Here we take the ‘Top 10’ from the panel and discussion: 10 important things for historians to remember when writing and submitting their first journal article.

From our panelists and audience on July 21st, and once again, Dr. Thanks to Sarah Johannesen for choosing and summarizing 10 points to remember in this post.

How To Get An Academic Article Published

ECR panelist Sascha Rasmussen took his first article from a section of his thesis that ‘does not require much theoretical scaffolding, it is self-contained. It makes a solid point’. In your thesis you can take the reader, the article should ‘get them to the point and 8000 (ish) words is shorter than you think.’

What Is Open Access?

, discusses which journals are best suited for your research – and the importance of researching using their websites to do so.

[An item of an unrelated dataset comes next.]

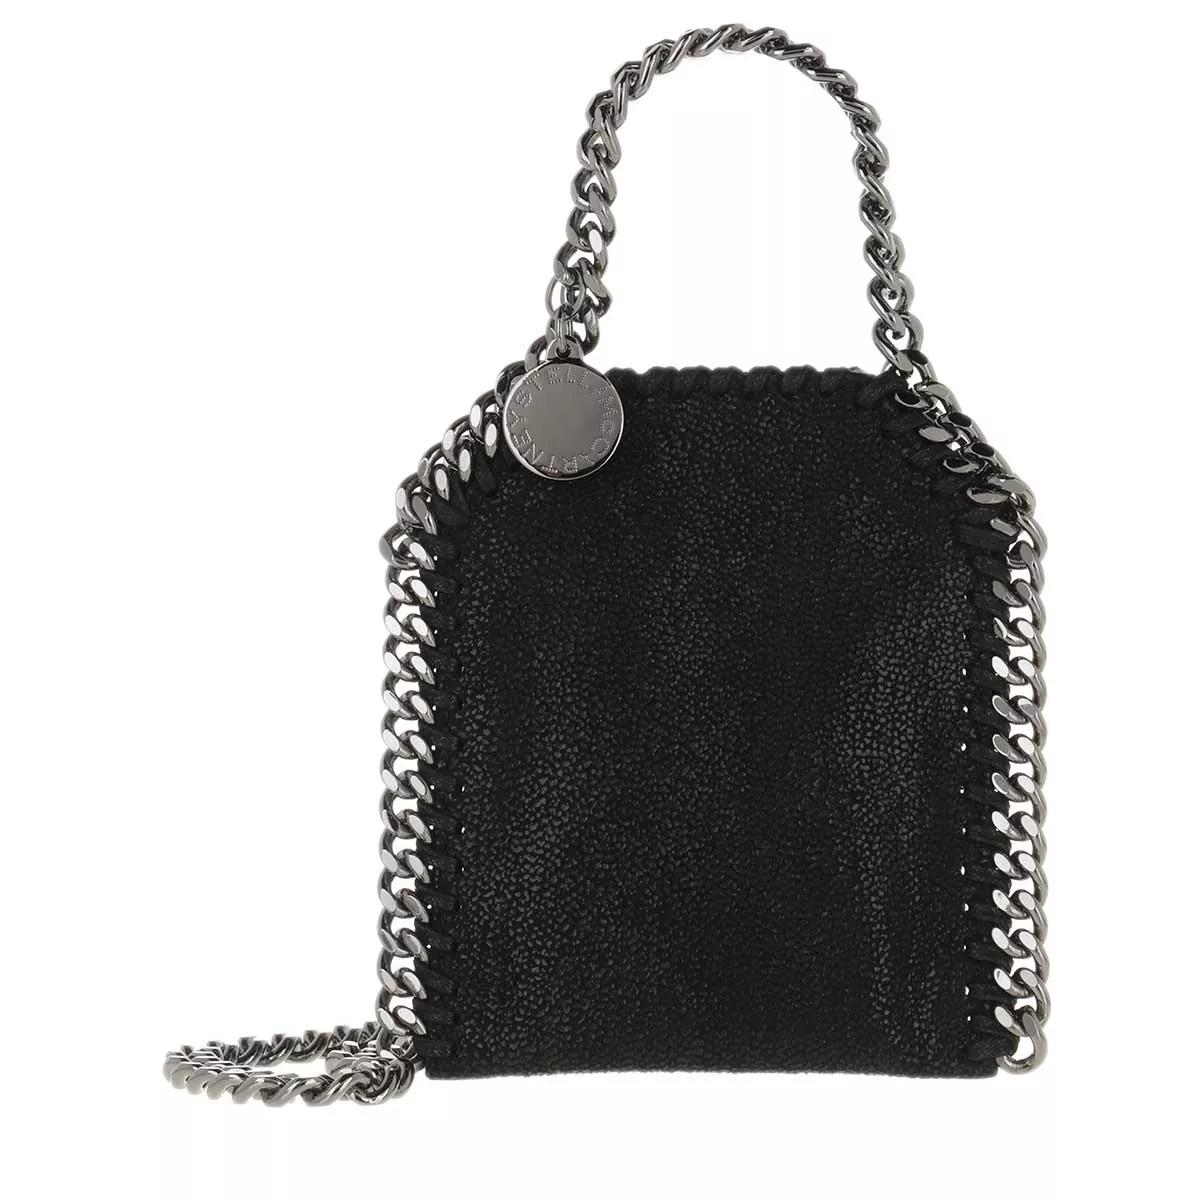 Luxus Damentasche Tasche Stella Kette Bag Chain Leder schwarz

‘Sites provide information about the journal’s core mandate or goals and may indicate an openness to new methodological approaches that are particularly suited to your research or interest in a particular type of research. If you dive into the table of contents of a new issue of a journal, you’ll also get a sense of the journal’s tone, you can sample articles to get more familiar.

Other important information can also be found online such as length limits, style guidelines, submission instructions and contact details for editors.

ECR Panelist Dr. Dia Gupta advises that if you don’t want an academic career, or one that doesn’t work, ‘it’s not worth investing the time to publish in a top-rated journal’. You can think of other ways to expose your research to the world, ‘make it a trade book and get a more popular readership’.

Open Access.network: Editing Open Access Journal

‘Publishing in journals is one kind of approach, and it’s about evaluating that kind of approach with many other kinds of approaches that you can do as well’.

Professor Emma Griffin, President of the Royal Historical Society, has recently resigned from her post as Co-Editor.

. As an editor, he explains, he is looking for ‘how relevant’ your work is to ‘other people working in many related fields’ and ‘how you intervene’ in the scholarly conversation. He urged junior scholars to ‘think in terms of intervention as well as conversation’.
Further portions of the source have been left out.